Contents
- 1 What is Mathematical Expression of Newton’s Second Law?
- 1.1 Discussions On The First Law
- 1.2 Inertia of a Body
- 1.3 A few examples of inertia of rest:
- 1.4 Experimental demonstration of inertia of rest:
- 1.5 A few examples of inertia of motion:
- 1.6 Force
- 1.7 Inertial and Non-Inertial Frames of Reference
- 1.8 Discussions on The Second Law
- 1.9 Mathematical Expression for the Second Law
- 1.10 Relationship between the units of force:
- 1.11 Alternative units of momentum:
- 1.12 Numerical Examples
From the study of subatomic particles to the laws of motion, Physics Topics offer insights into the workings of the world around us.
What is Mathematical Expression of Newton’s Second Law?

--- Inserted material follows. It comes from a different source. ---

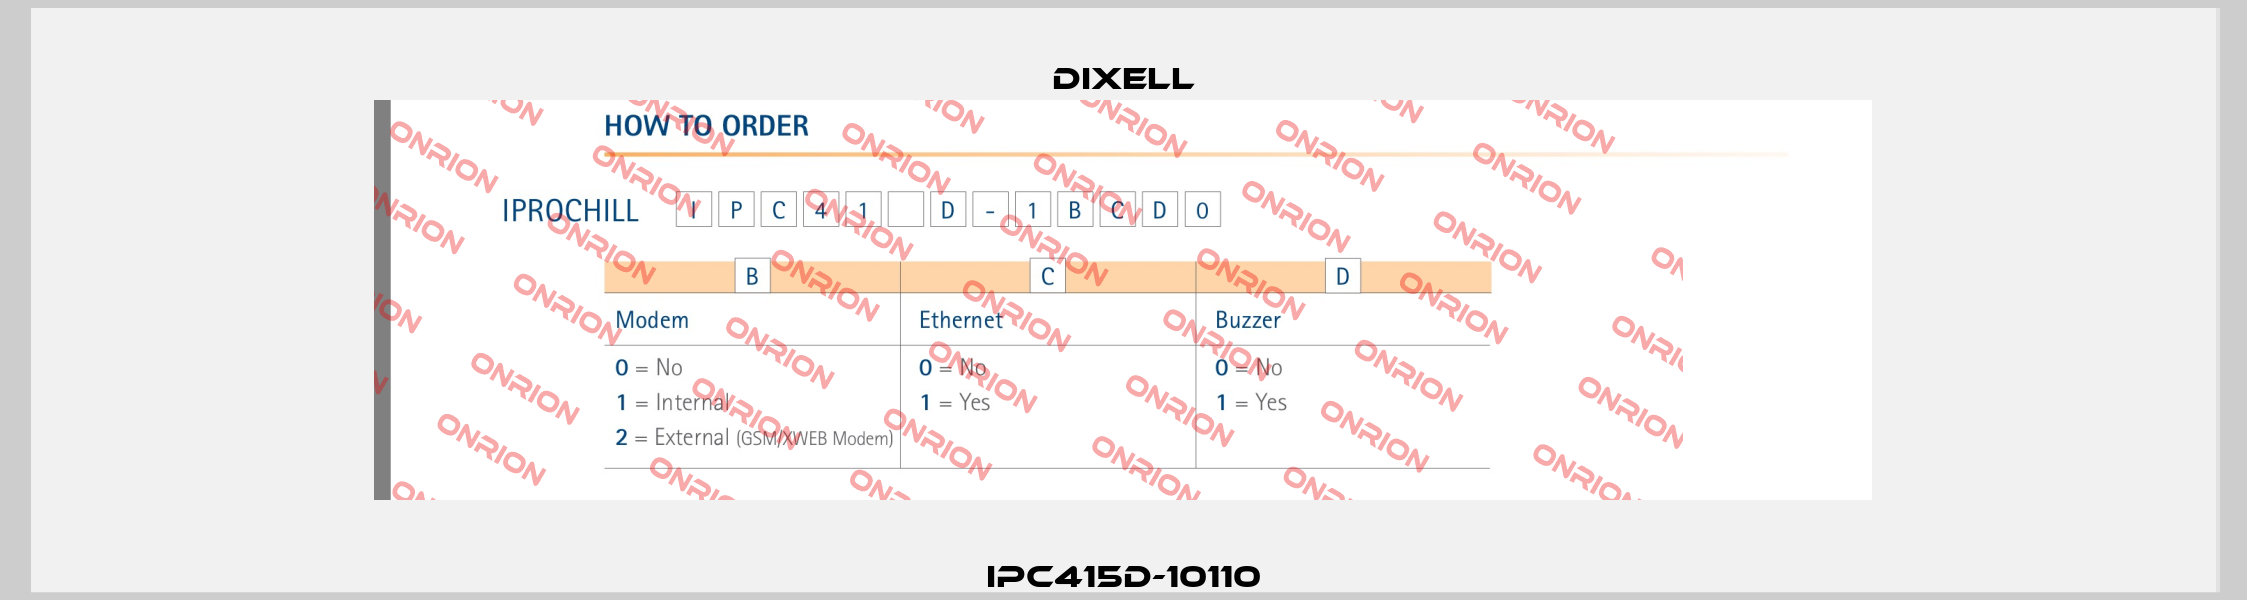 IPC415D-10110 Dixell

In 1687, Sir Isaac Newton, in his book Principia, published three laws of motion related to all the moving objects in the universe. These are known as Newton’s laws of motion. These laws cannot be proved using any old concept of physics. Yet, their validity has been confirmed through successful explanations and predictions on numerous events in nature. Hence, the laws founded a new branch of physics called kinetics.
The laws are:
1st Law: Every body continues to be in its state of rest or of uniform motion in a straight line unless the body is compelled to change its state by a net external force.
2nd Law: The rate of change of momentum of a body is proportional to the impressed force and takes place in the direction in which the force acts.
3rd Law: To every action there is an equal and opposite reaction.
These laws involve the new concepts of
- inertia,
- force and
- momentum.
The study of these laws is the subject of this chapter and is called Newtonian mechanics.
It should be mentioned, however, that Newtonian mechanics does not apply to all situations.
- If the interacting bodies are moving with the speed of light (or an appreciable fraction of the speed of light), Newtonian mechanics should be replaced by the Einstein’s special theory of relativity.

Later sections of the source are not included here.